*** Given information Section Begins ***

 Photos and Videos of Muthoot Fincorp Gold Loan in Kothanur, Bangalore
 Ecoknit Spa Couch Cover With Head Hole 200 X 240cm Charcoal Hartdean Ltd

*** Given information Section Ends ***
*** Given information Section Begins ***

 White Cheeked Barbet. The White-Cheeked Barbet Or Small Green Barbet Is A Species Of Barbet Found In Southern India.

*** Given information Section Ends ***
*** Given information Section Begins ***

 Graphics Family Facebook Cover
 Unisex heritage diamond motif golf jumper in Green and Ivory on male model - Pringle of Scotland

*** Given information Section Ends ***

Description of the task — Output exactly the lines of the material above from the one containing "Graphics Family Facebook Cover" up to and including the one containing "Unisex heritage diamond".

Exercise answer —
 Graphics Family Facebook Cover
 Unisex heritage diamond motif golf jumper in Green and Ivory on male model - Pringle of Scotland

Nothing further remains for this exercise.